# eNVy22 Stealth Mod



## Skollie (6/11/15)

Hey hey guys. check this out? very very cool device!





Compact. Large Battery. Temp Control.

Cumaaaaaan vendors bring it in!

the only issue i could think of is if the threading doesnt line up properly you could block off your air holes? maybe

https://www.naturevape.co.uk/envy22-stealth-mod-75w

Reactions: Like 1 | Winner 1


----------



## Noddy (6/11/15)

Saw this a while ago.
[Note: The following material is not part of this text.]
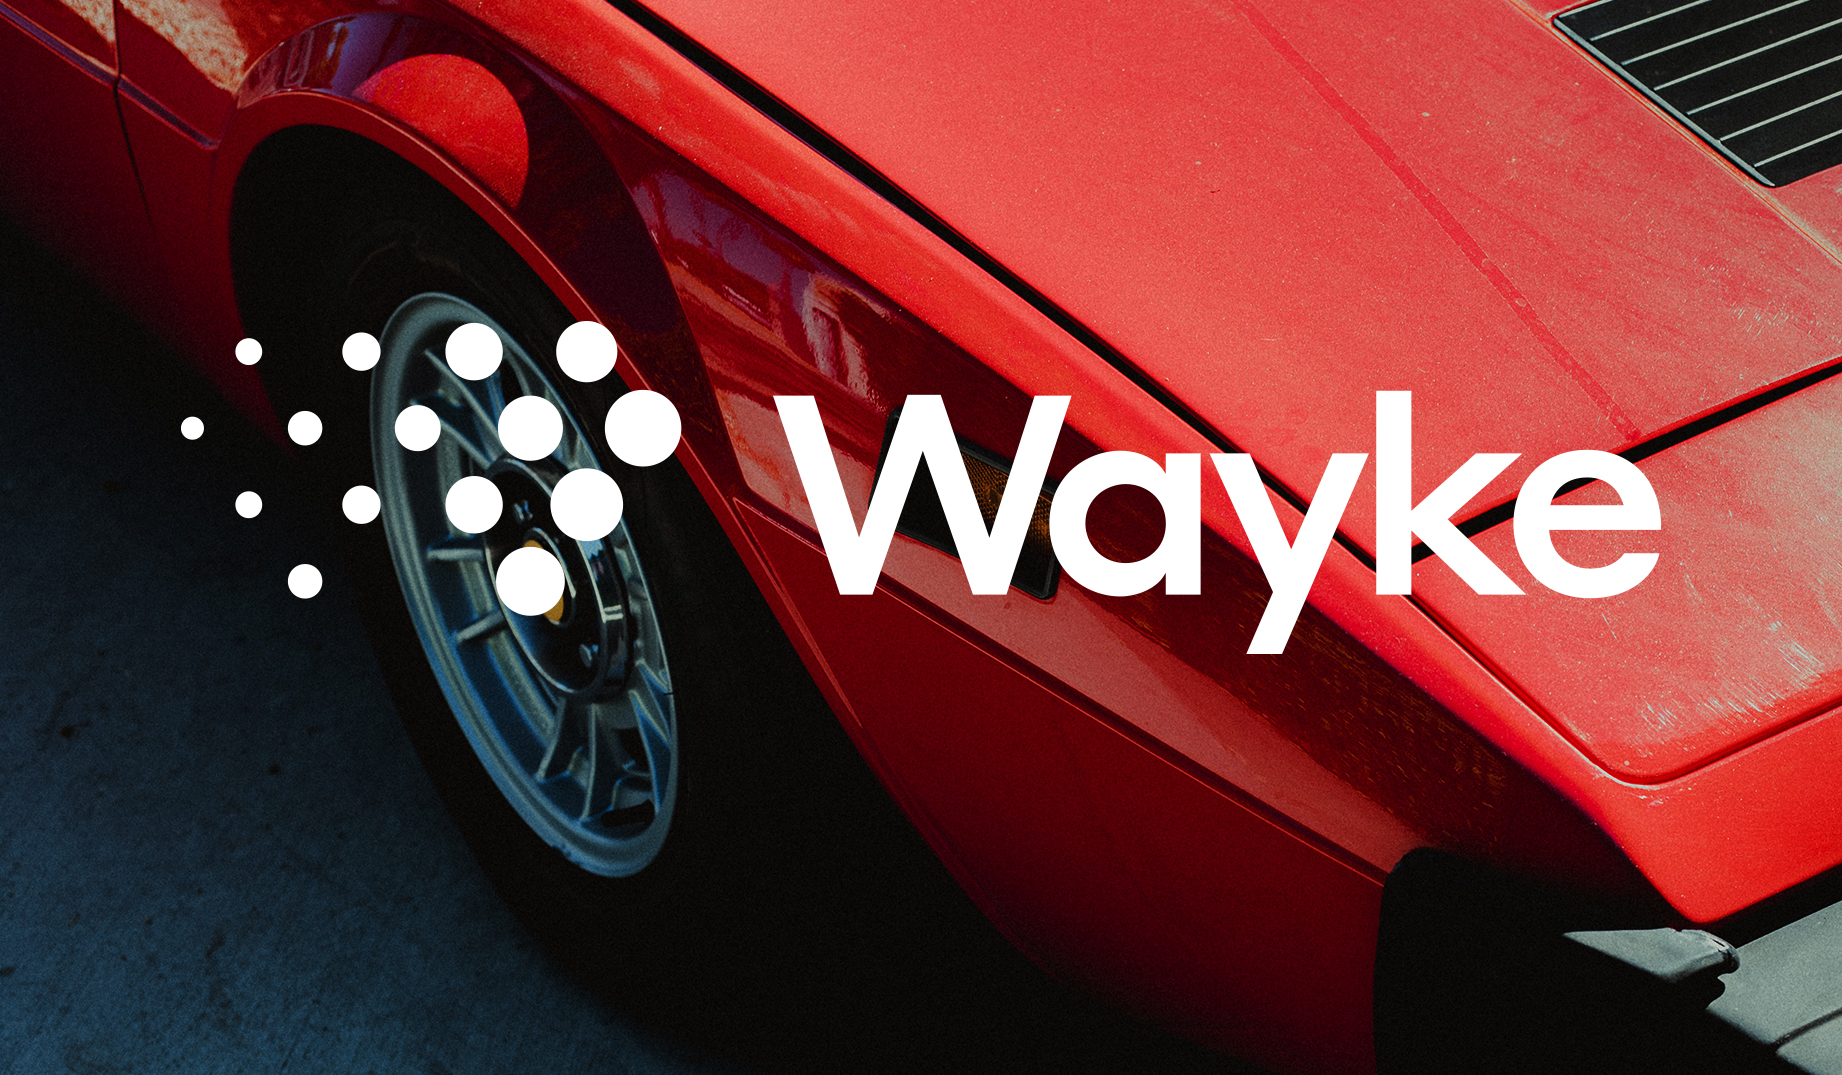 Wayke [website]

Might get myself one for christmas.

Reactions: Like 1


----------



## Pixstar (6/11/15)

CapeVapeConnection said:


> Hey hey guys. check this out? very very cool device!
> 
> View attachment 38598
> 
> ...


Pity it doesn't have a removable battery...


----------



## SampleBox (6/11/15)

Any local stockists?


----------



## Skollie (6/11/15)

Pixstar said:


> Pity it doesn't have a removable battery...


Meh.

who keeps a vape long enough to see the lipo die any way

Reactions: Funny 2


----------



## Skollie (6/11/15)

Vapester said:


> Any local stockists?


not that i am aware of :/


----------



## Noddy (7/11/15)

@CapeVapeConnection Fasttech sell these now - https://www.fasttech.com/products/3099/10013629/3693602-authentic-athena-envy22-75w-3200mah-tc-vw

Reactions: Like 1


----------